[[ SUPPLIED DATA, beginning ]]

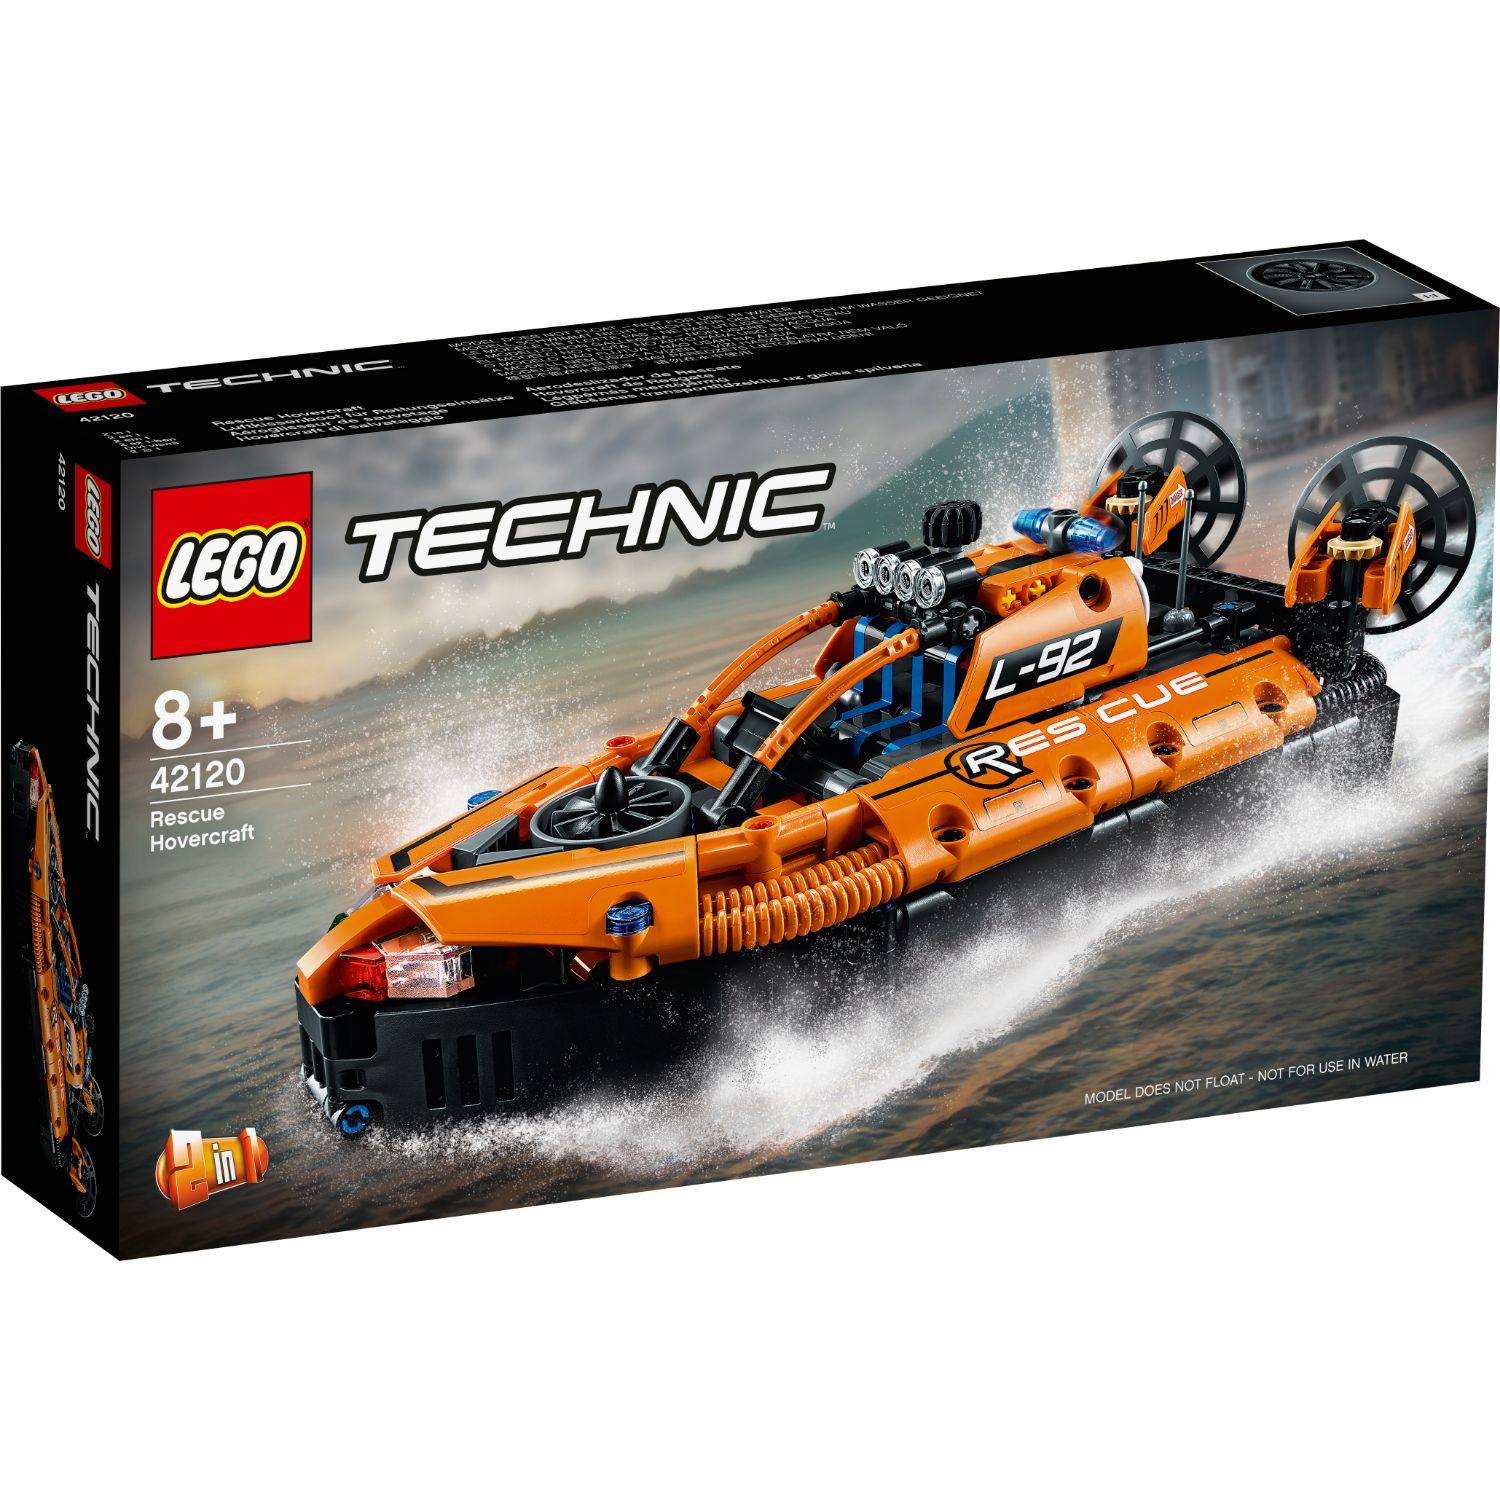 LEGO TECHNIC 42120 REDDINGHOVERCRAFT
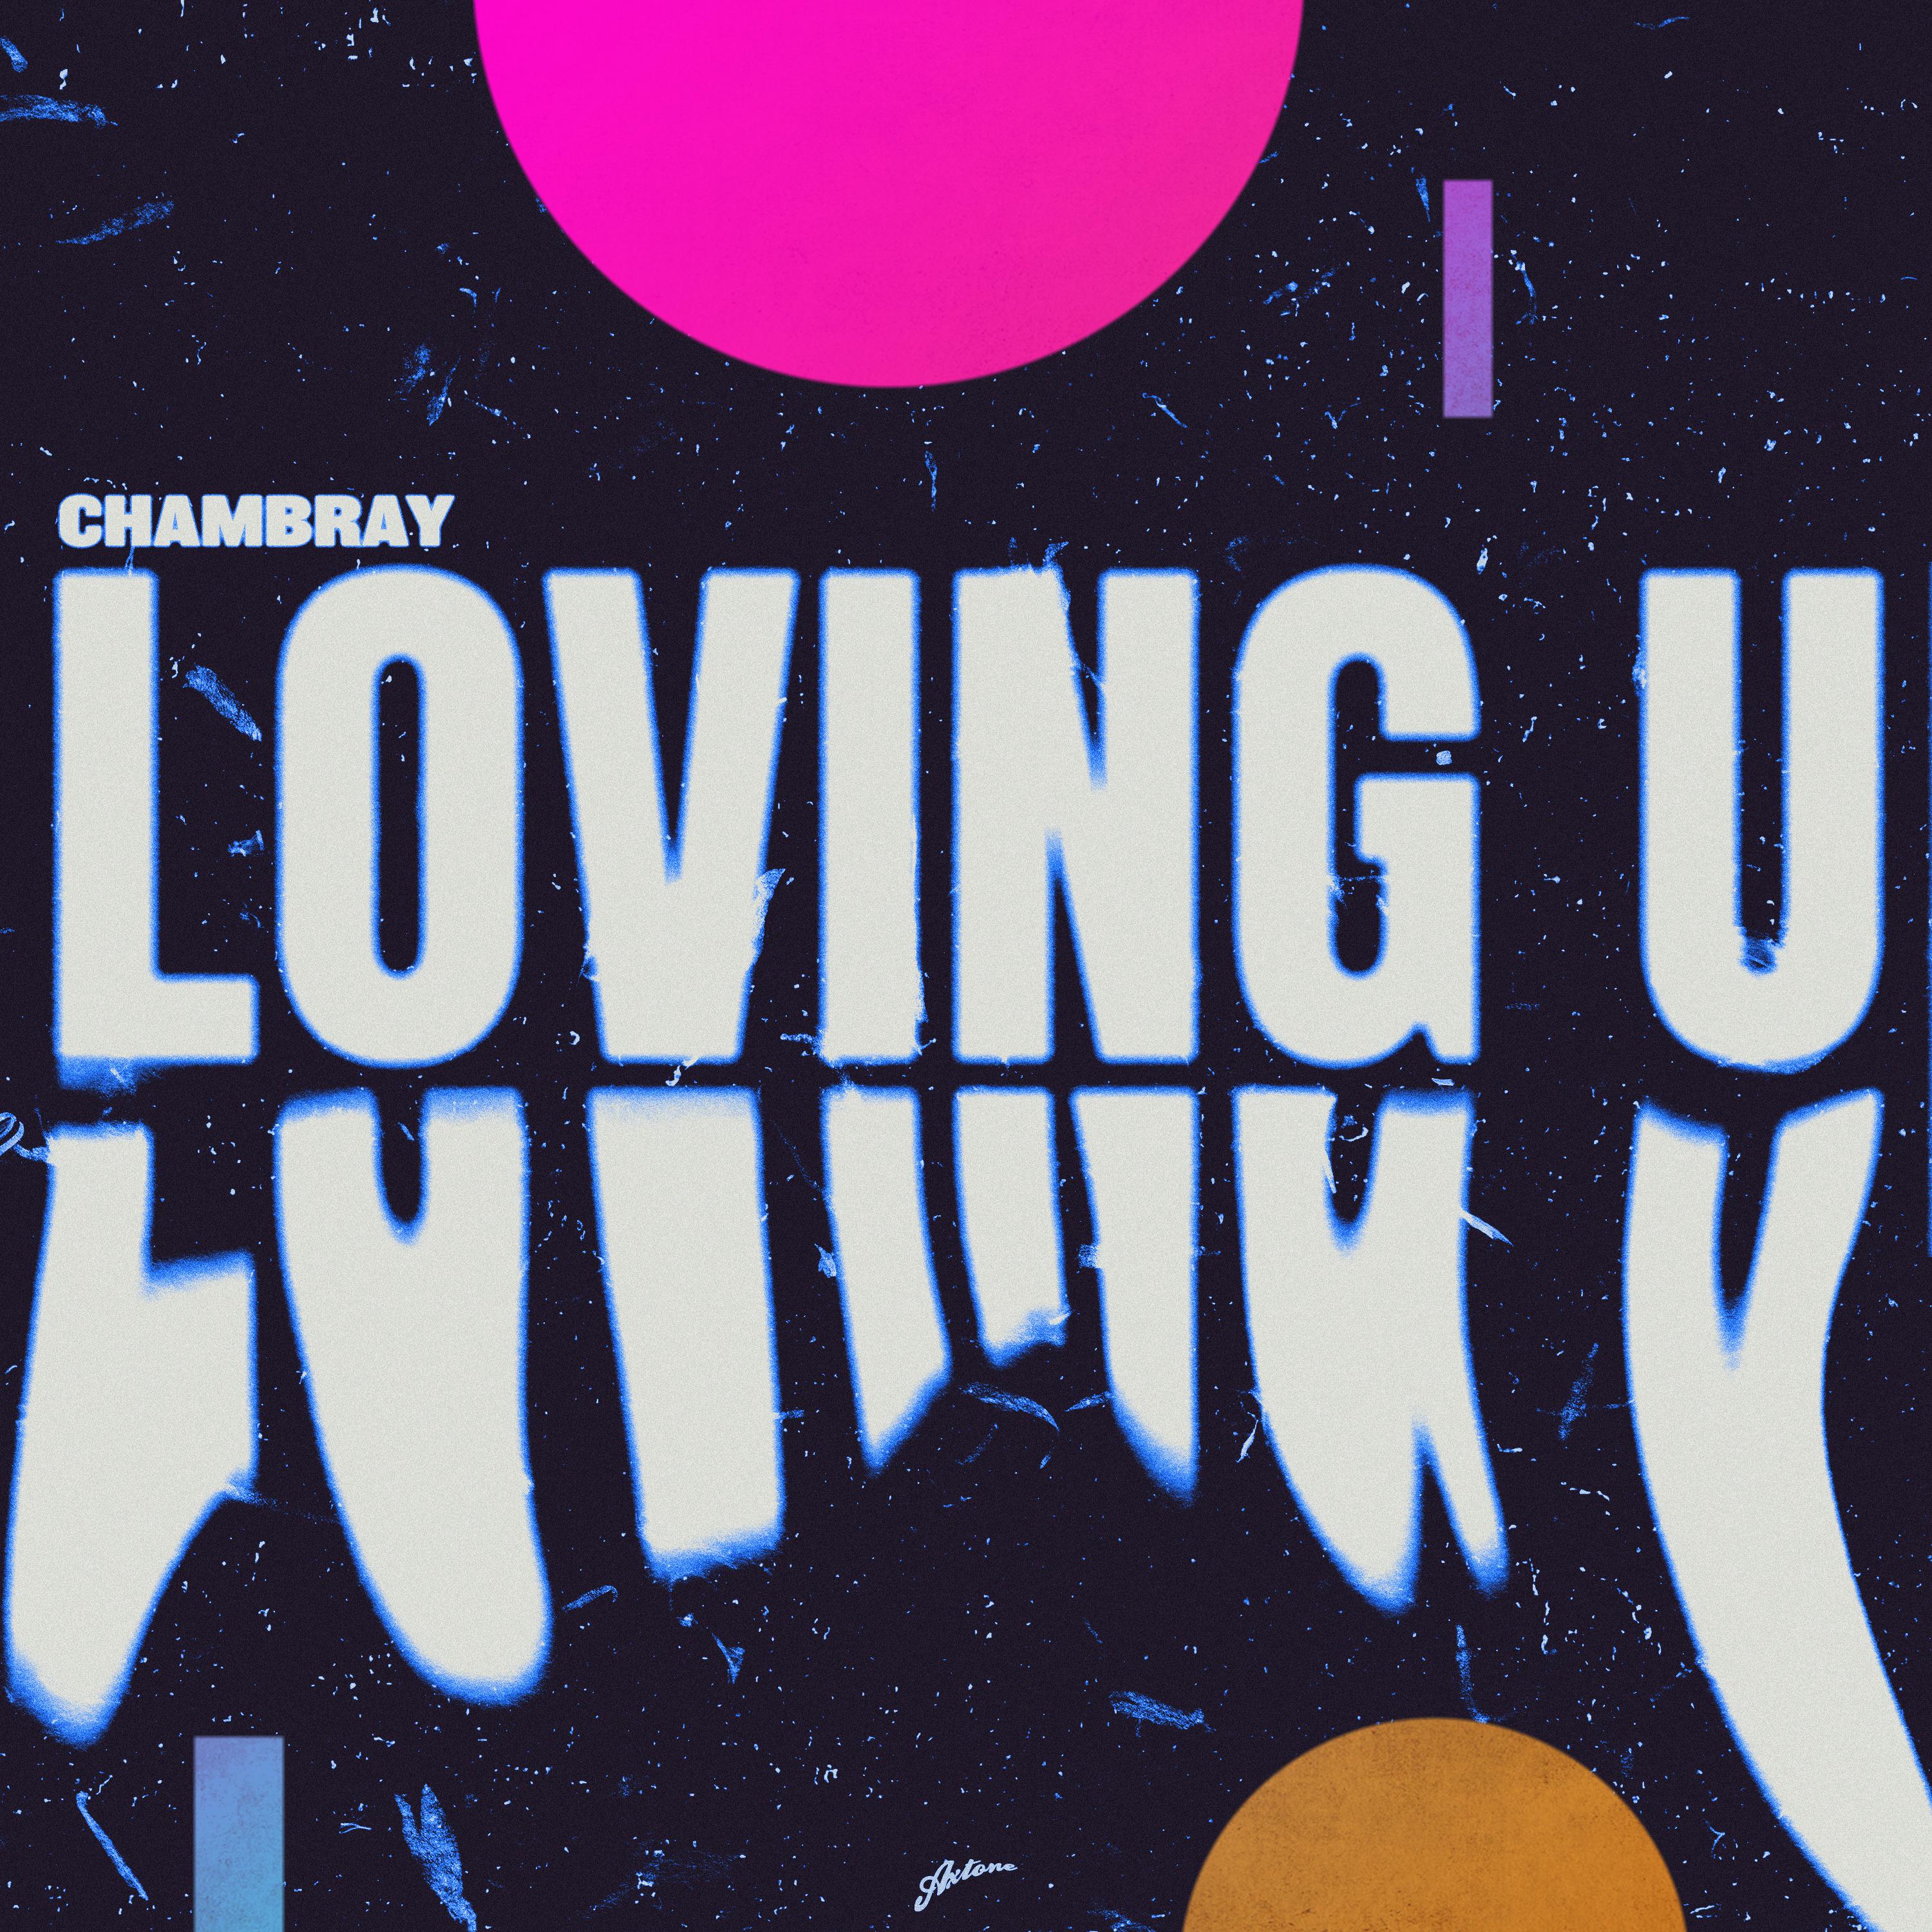 Chambray - LOVING U
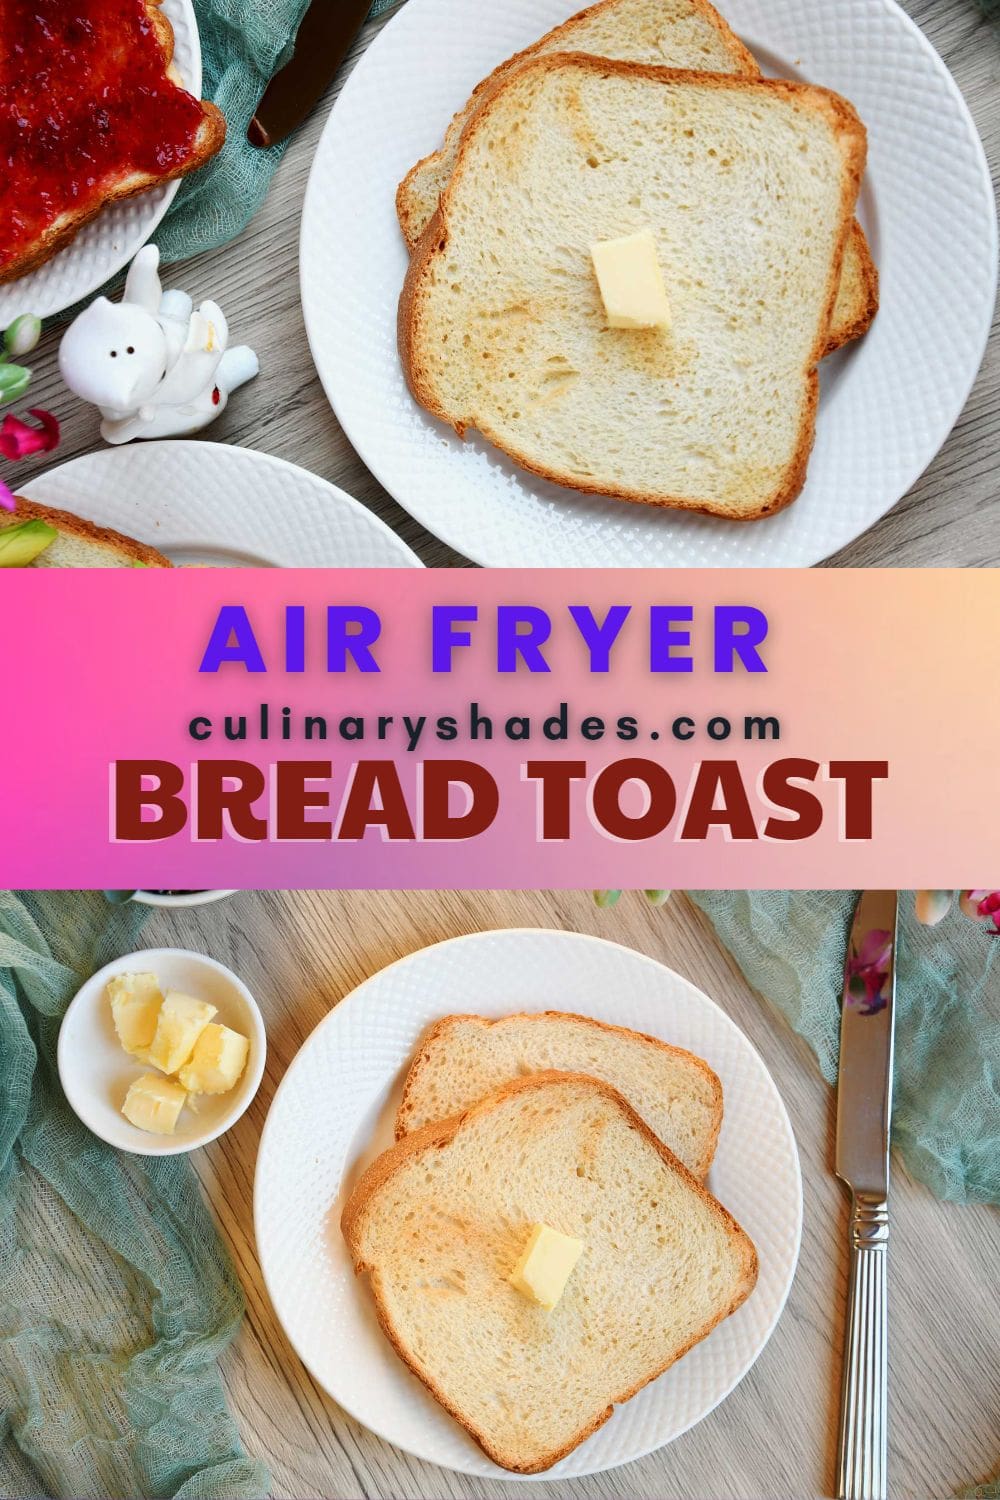 Air fryer bread toast pin.

[[ SUPPLIED DATA, end ]]

:: YOUR TASK ::
From the first line to the last, retype the data exactly, but omit every image.

:: WRITTEN SOLUTION ::
 LEGO TECHNIC 42120 REDDINGHOVERCRAFT
 Chambray - LOVING U
 Air fryer bread toast pin.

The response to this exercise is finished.